Portugal também já faliu por sete vezes. Em 1891, a crise foi desencadeada com a falência de dois bancos importantes (o Banco do Povo e o Banco Lusitano). Na altura, a função pública sofreu na pele o aperto do cinto: os salários caíram 20% e Portugal ficou 10 anos sem conseguir financiamento externo e um dos primeiros cortes foi nas obras públicas (na altura na construção das vias férreas).
Em 1976 a falência voltou a estar iminente. Mário Soares, na altura à frente dos destinos do país, pediu dinheiro emprestado à Alemanha. Em vez de uma transferência bancária, recebeu um avião a meio da noite. Era o FMI a chegar.
Na década de 80, o país viu-se forçado novamente a negociar um empréstimo com o FMI. Mais uma vez liderado por Mário Soares e Mota Pinto, e com Ernâni Lopes como ministro das Finanças, os portugueses tiveram de enfrentar uma forte desvalorização do escudo, o disparo da inflação para quase 30%, o aumento dos impostos e o crescimento do desemprego.

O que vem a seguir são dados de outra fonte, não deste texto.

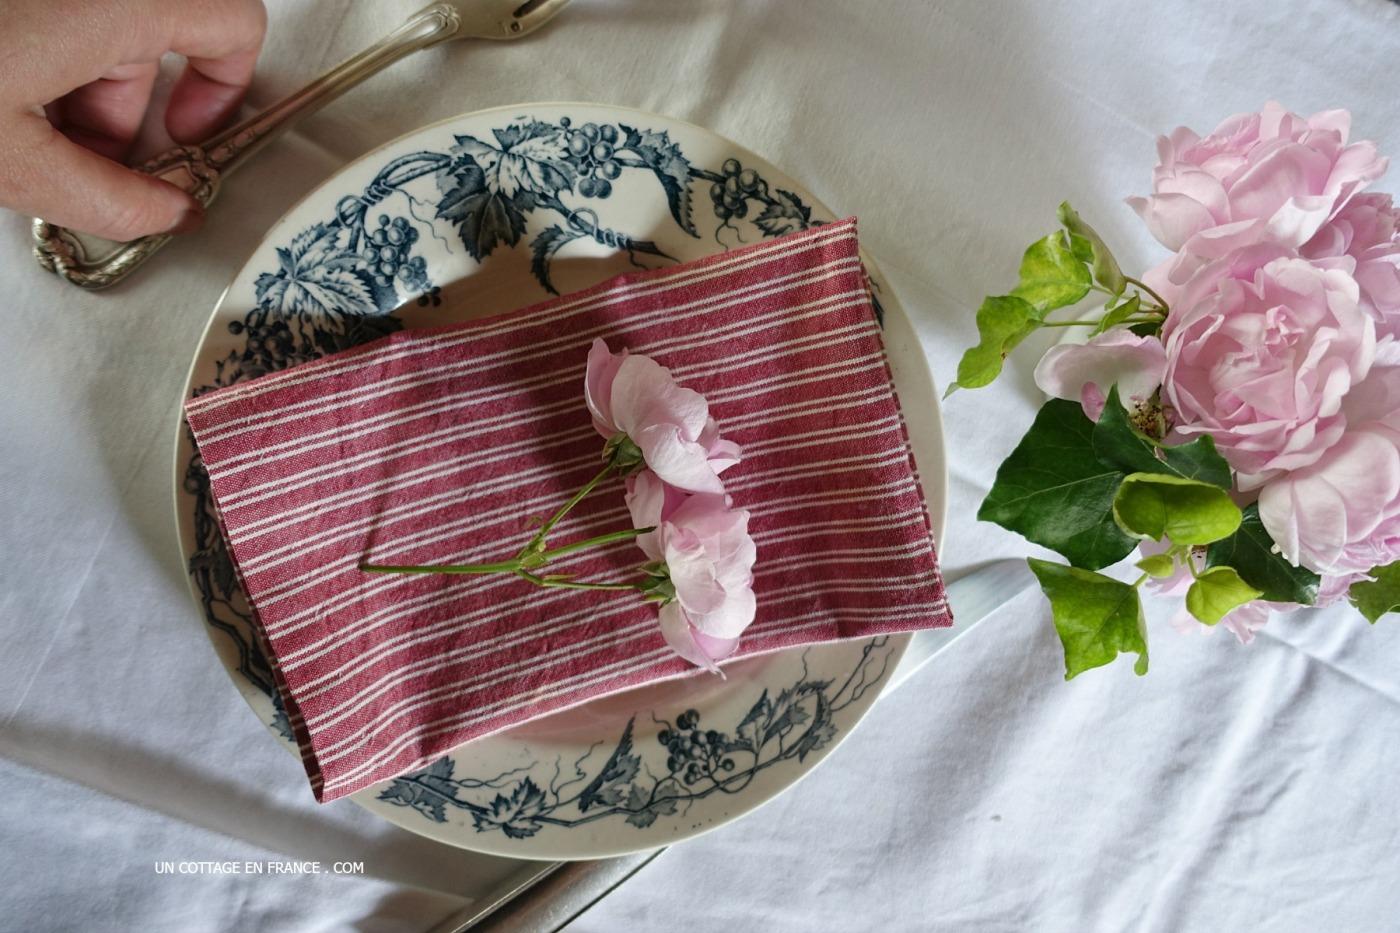 petit bouquet de table de la giralda la giralda s little cabbage roses table arrangement un. Black Bedroom Furniture Sets. Home Design Ideas
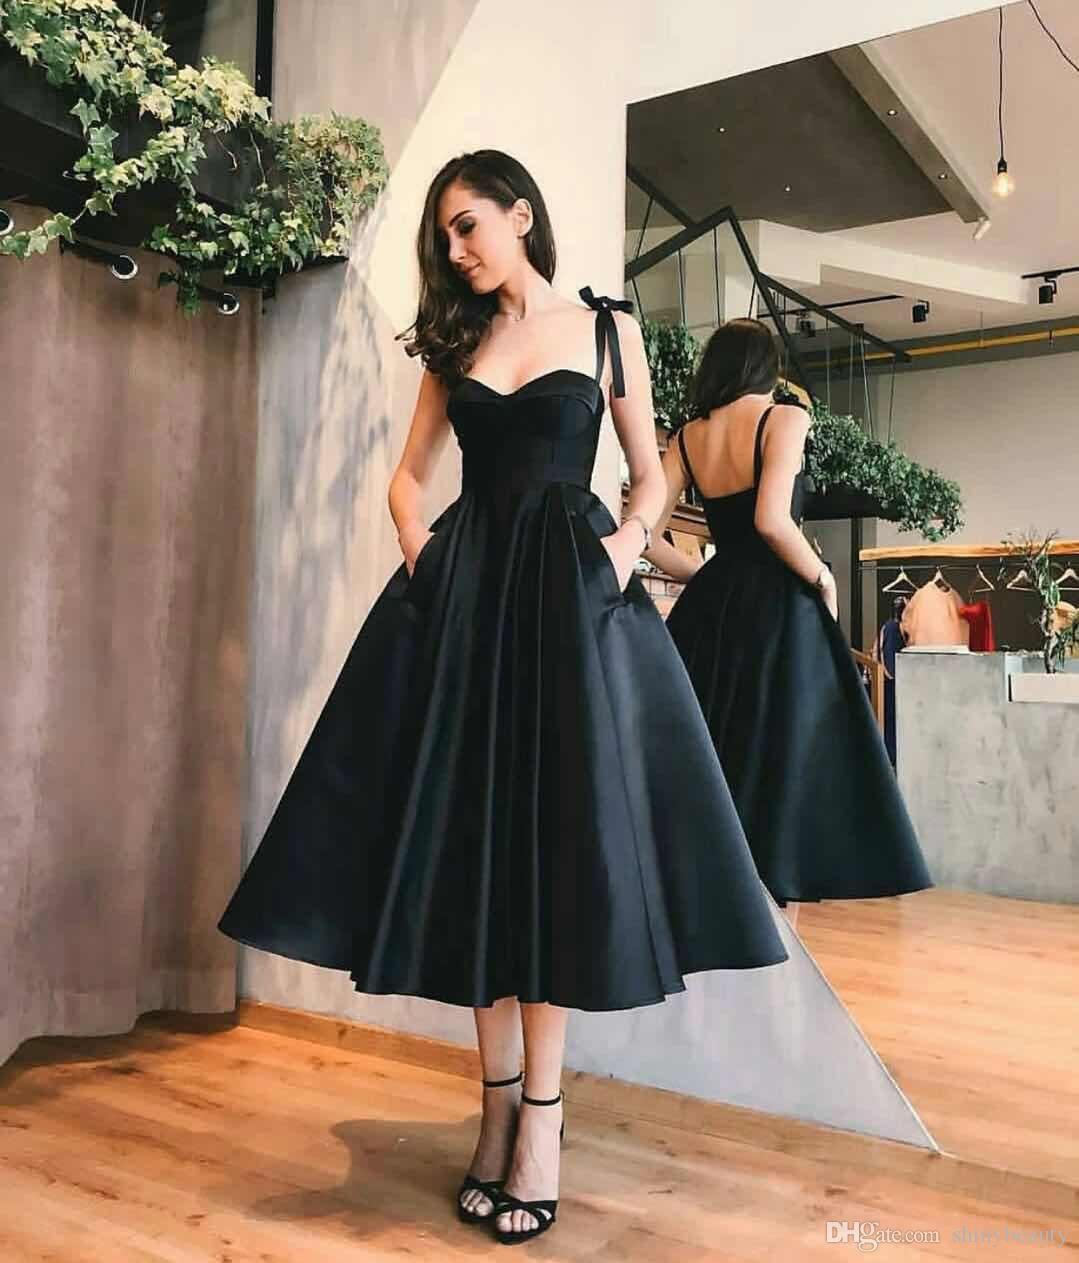 Medium length prom dresses, Cocktail dress

A última bancarrota mais mediática, o caso da Argentina, tem quase 15 anos e é dos mais negros. A intervenção do FMI foi um fracasso. O país seguiu as recomendações do Fundo (cortes orçamentais e aumentos de impostos) e com isso foi-se afundando. No final de 2001, as coisas pioraram exponencialmente quando o FMI negou um novo financiamento ao país. À revolta social juntou-se a queda do Governo e a bancarrota. Na altura os argentinos deixaram as suas casas com todo o dinheiro que tinham e foram depositá-lo nos bancos do Uruguai, o paraíso fiscal na América Latina. O governo congelou o acesso às contas bancárias, limitando os levantamentos a cerca de 20 contos por pessoa e por semana. Sem dinheiro, começou a violência nas ruas, a pobreza duplicou, atingindo quase metade da população e a fome espalhou-se. O Governo parou de emitir passaportes porque não tinha dinheiro para os imprimir.
Regressemos a 2008, o alarme da crise ecoava em todos os gabinetes de todos os governos. A Grécia iniciava uma espiral desenfreada rumo à derrocada financeira. Em Itália a dívida pública chegava aos 106 por cento do PIB. Até então, a Itália era considerado um país que tinha uma taxa de poupança sólida e onde os orçamentos deficitários não constituíam um problema. Para o governo bastava que os Títulos do Tesouro tivessem compradores e o ministro das finanças italiano classificava aquele tipo de investimento como “o mais sólido e seguro”. Claro que nem toda a gente compartilhou a mesma opinião, nem mesmo os italianos. Um título da dívida italiana, transaccionado no início desse ano, só encontrou compradores depois do governo de Roma ter aumentado generosamente a taxa de juros.
A dívida pública cabo-verdiana está actualmente nos 121,2 por cento do PIB, segundo as contas provisórias do 4º trimestre de 2015, do Ministério das Finanças, a que o Expresso das Ilhas teve acesso. 197.372,5 milhões de CVE, o que representa, em termos absolutos, um crescimento de 11,1% em relação ao stock do mesmo período do ano anterior, dados do mesmo documento.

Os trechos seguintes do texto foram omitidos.